Where the line holding "SIMONS, Vera (1920 - 2012)" appears, start copying, and continue exactly through the last line of the listing, skipping pictures.
══════
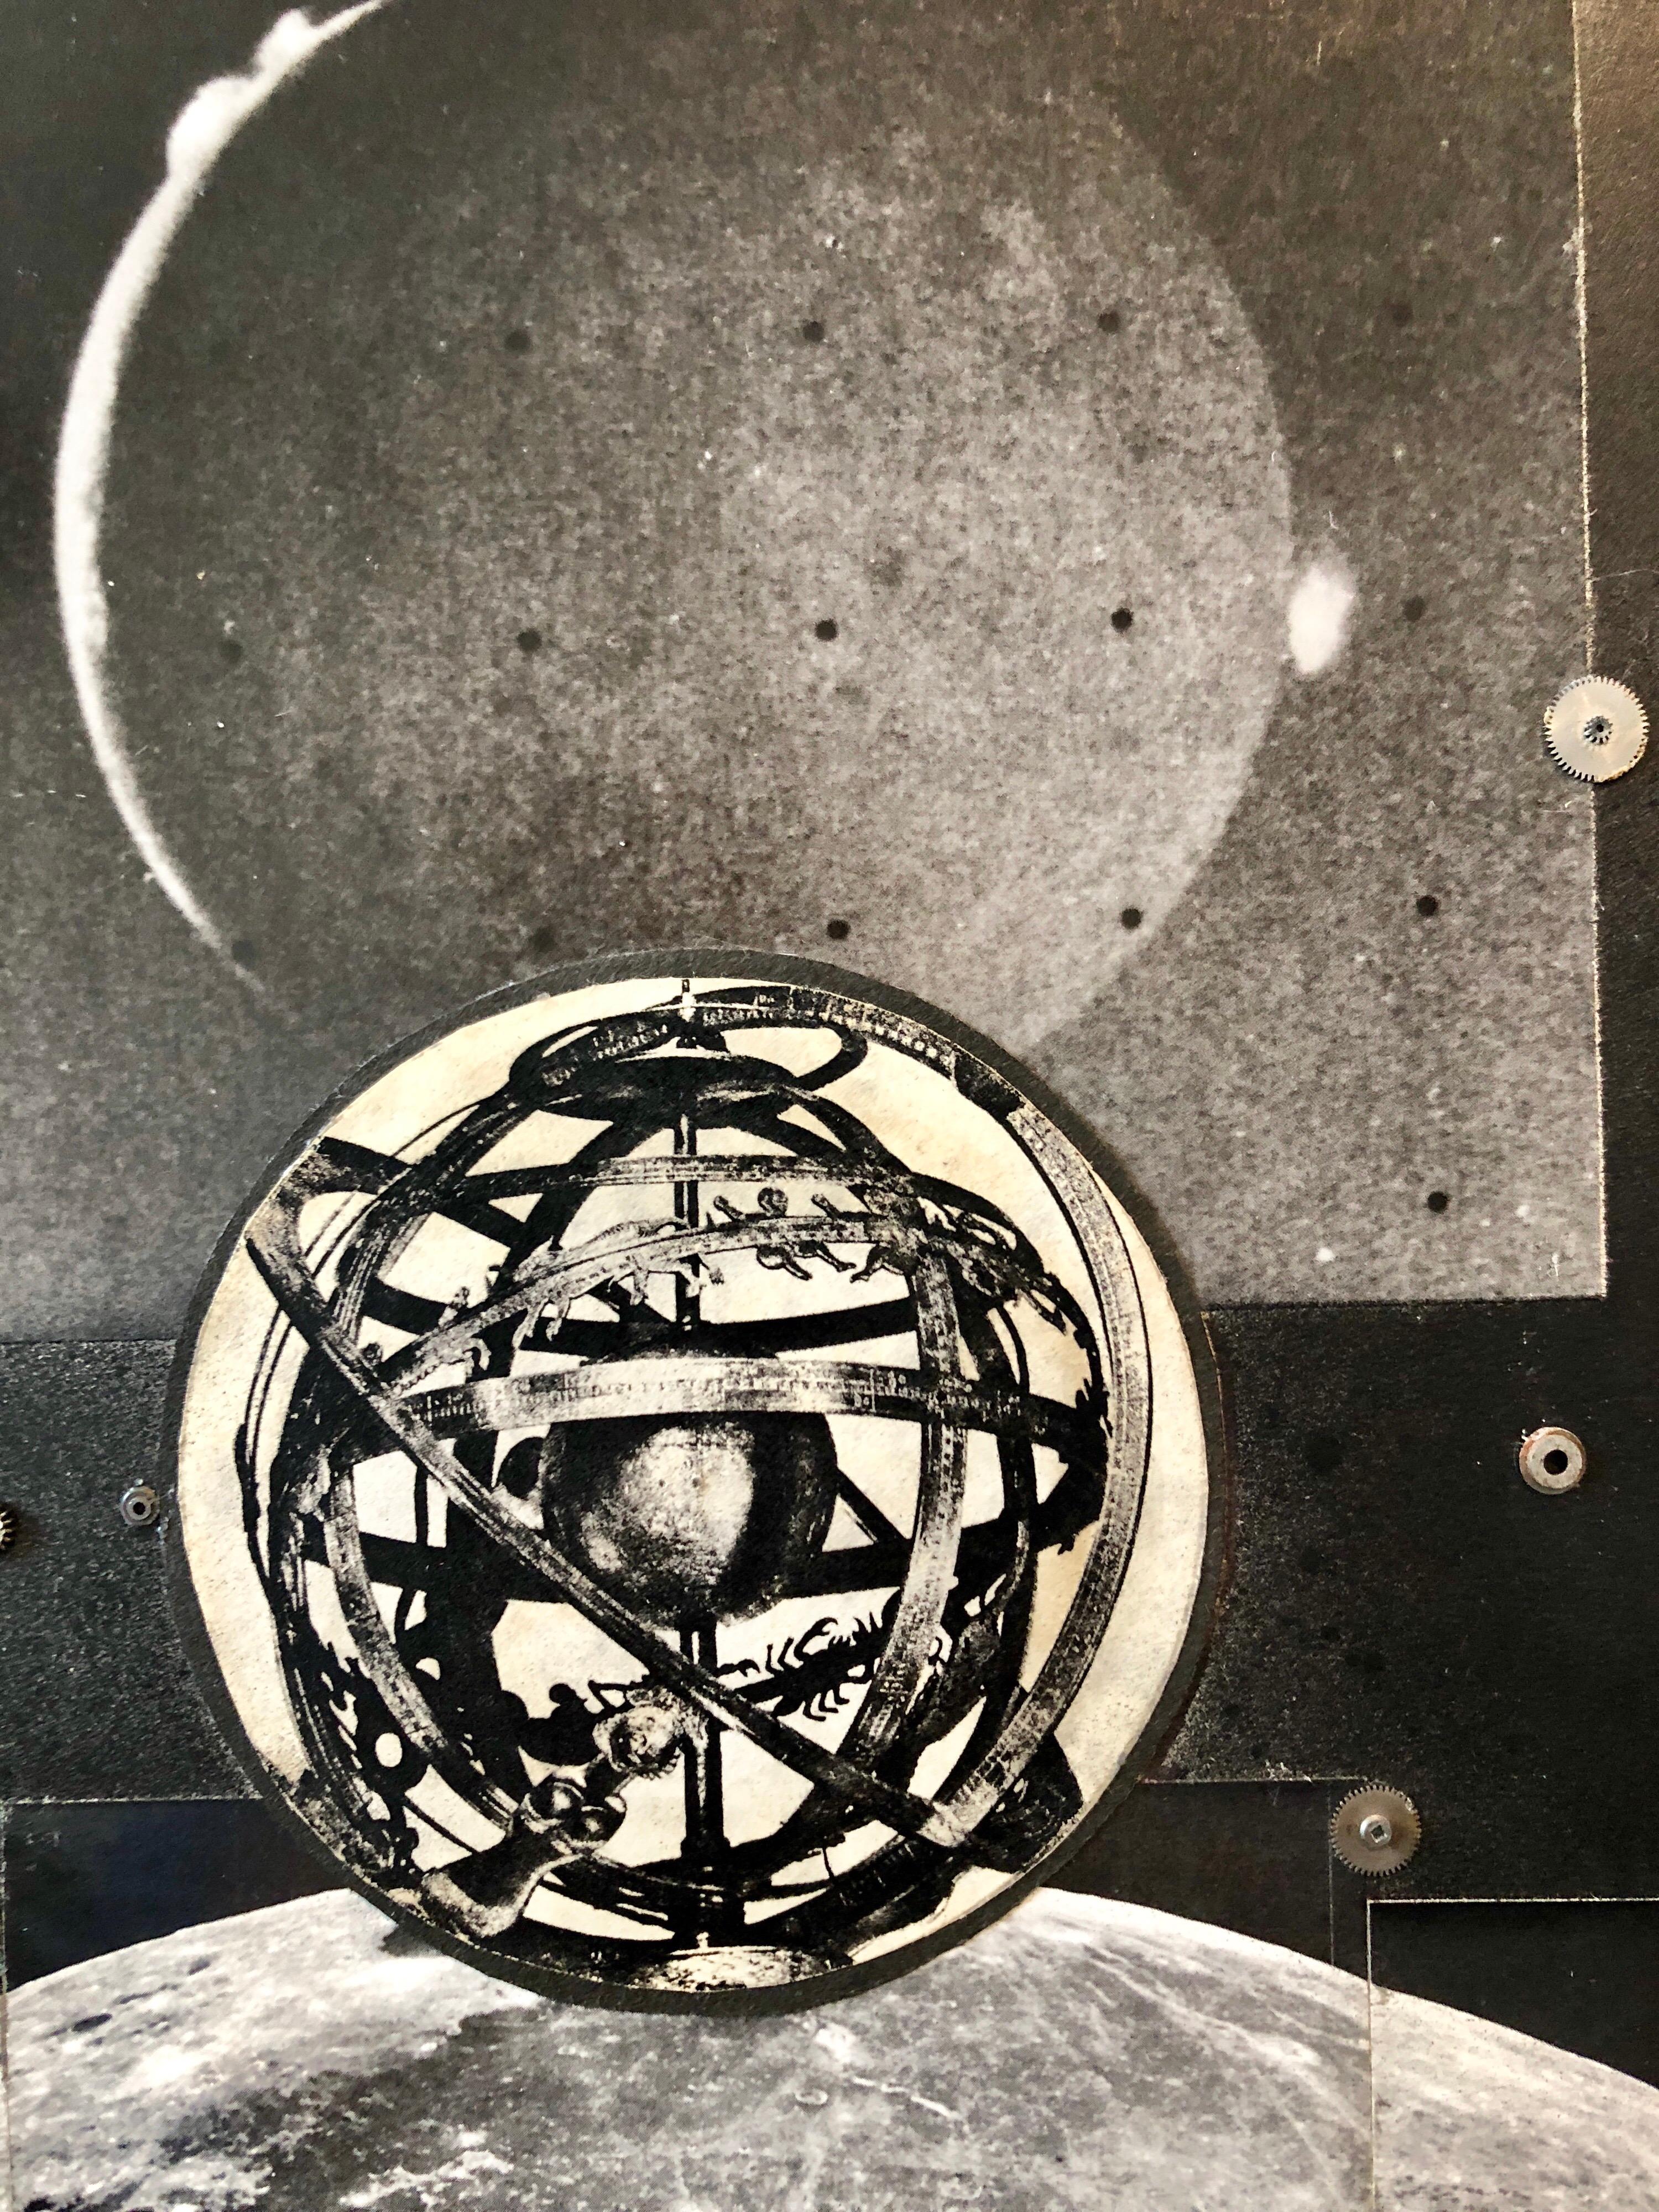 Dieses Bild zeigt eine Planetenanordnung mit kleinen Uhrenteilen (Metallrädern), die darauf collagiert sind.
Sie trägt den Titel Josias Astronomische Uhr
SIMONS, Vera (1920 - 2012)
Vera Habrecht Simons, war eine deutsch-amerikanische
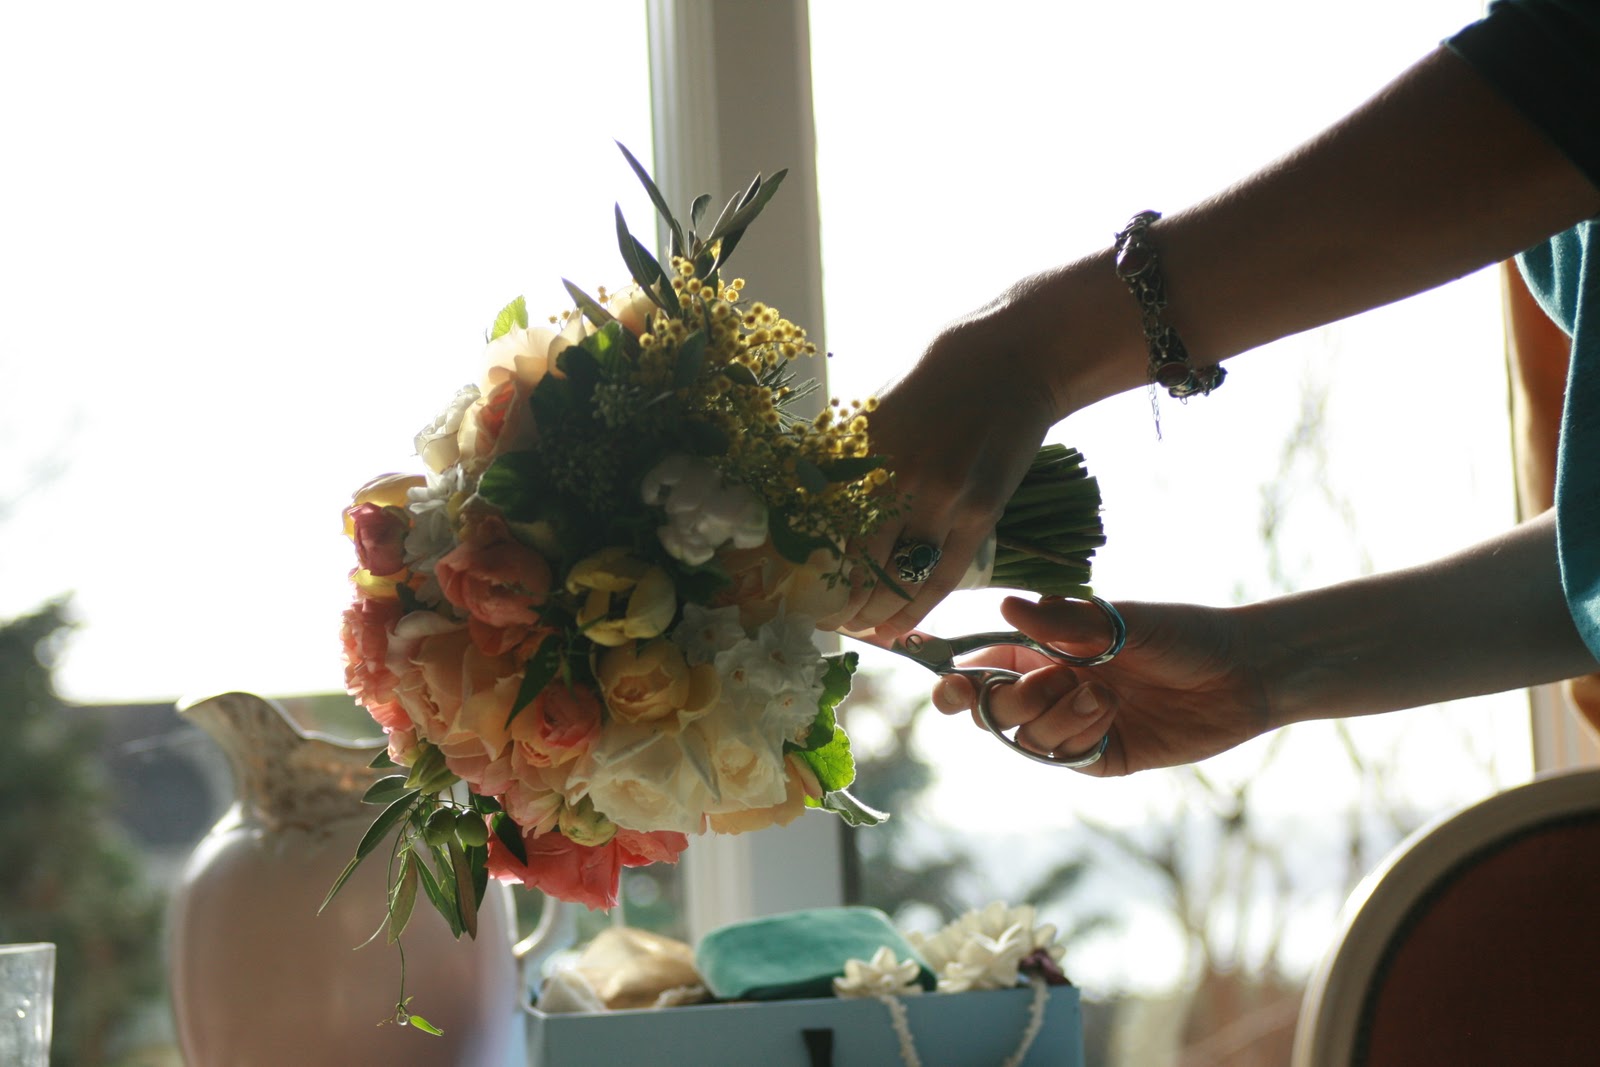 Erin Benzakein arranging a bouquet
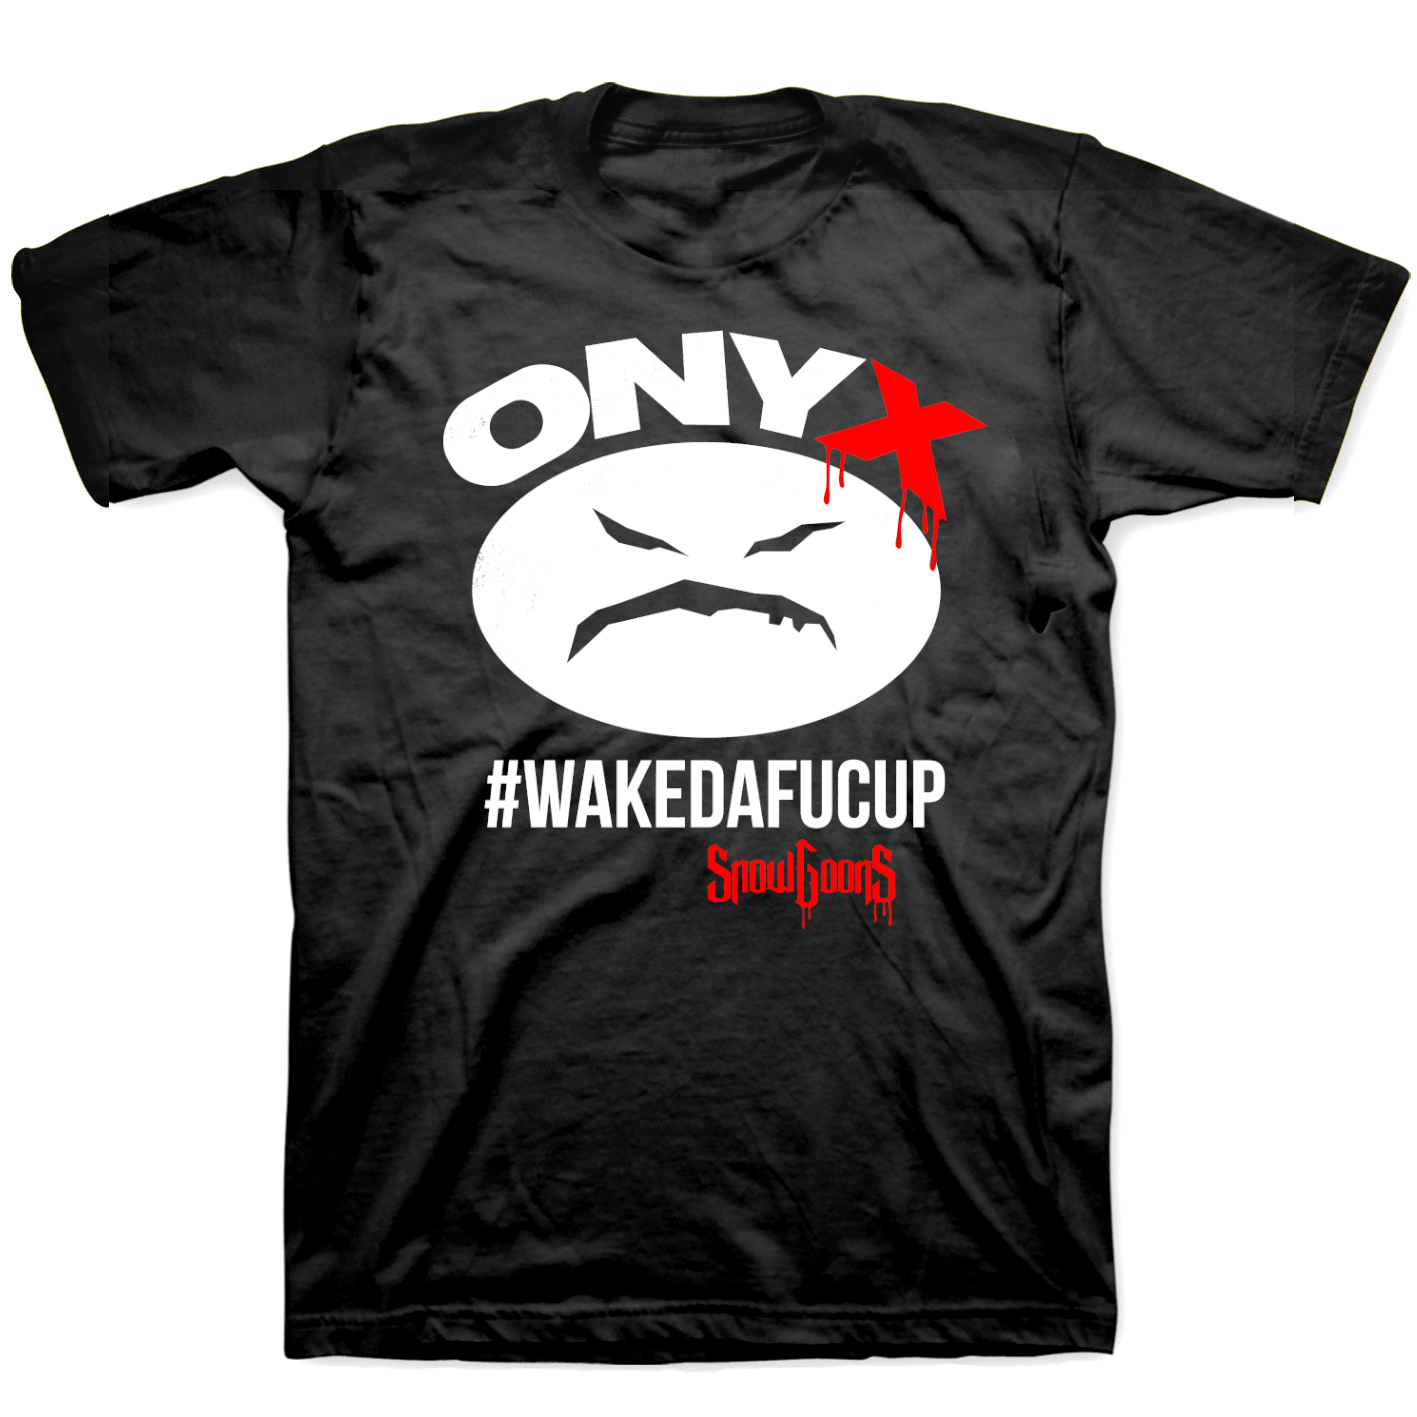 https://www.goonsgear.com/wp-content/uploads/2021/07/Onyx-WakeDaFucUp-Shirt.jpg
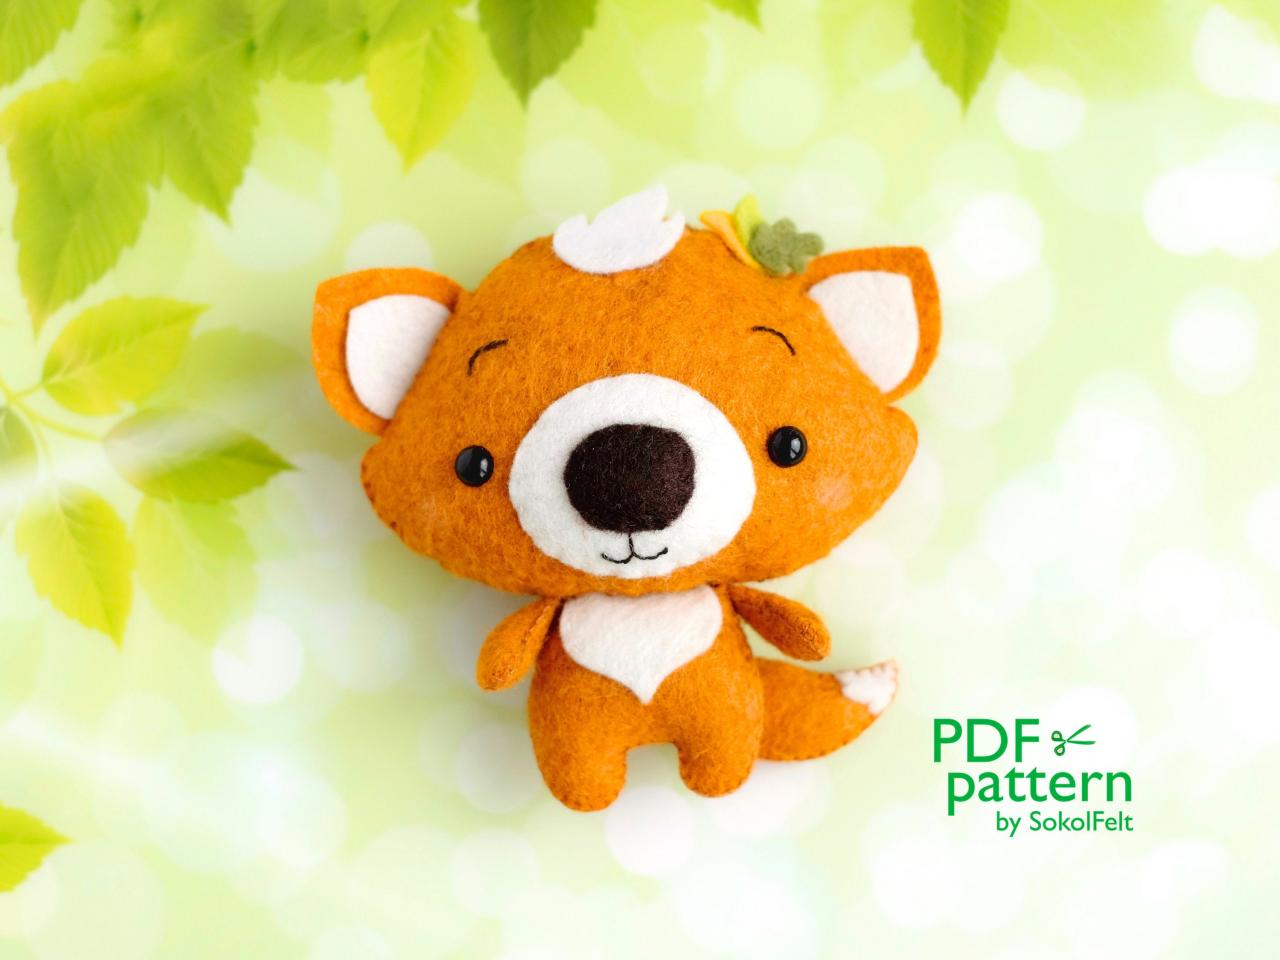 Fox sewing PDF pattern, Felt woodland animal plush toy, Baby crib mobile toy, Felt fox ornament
══════
## Final answer
SIMONS, Vera (1920 - 2012)
Vera Habrecht Simons, war eine deutsch-amerikanische
 Erin Benzakein arranging a bouquet
 https://www.goonsgear.com/wp-content/uploads/2021/07/Onyx-WakeDaFucUp-Shirt.jpg
 Fox sewing PDF pattern, Felt woodland animal plush toy, Baby crib mobile toy, Felt fox ornament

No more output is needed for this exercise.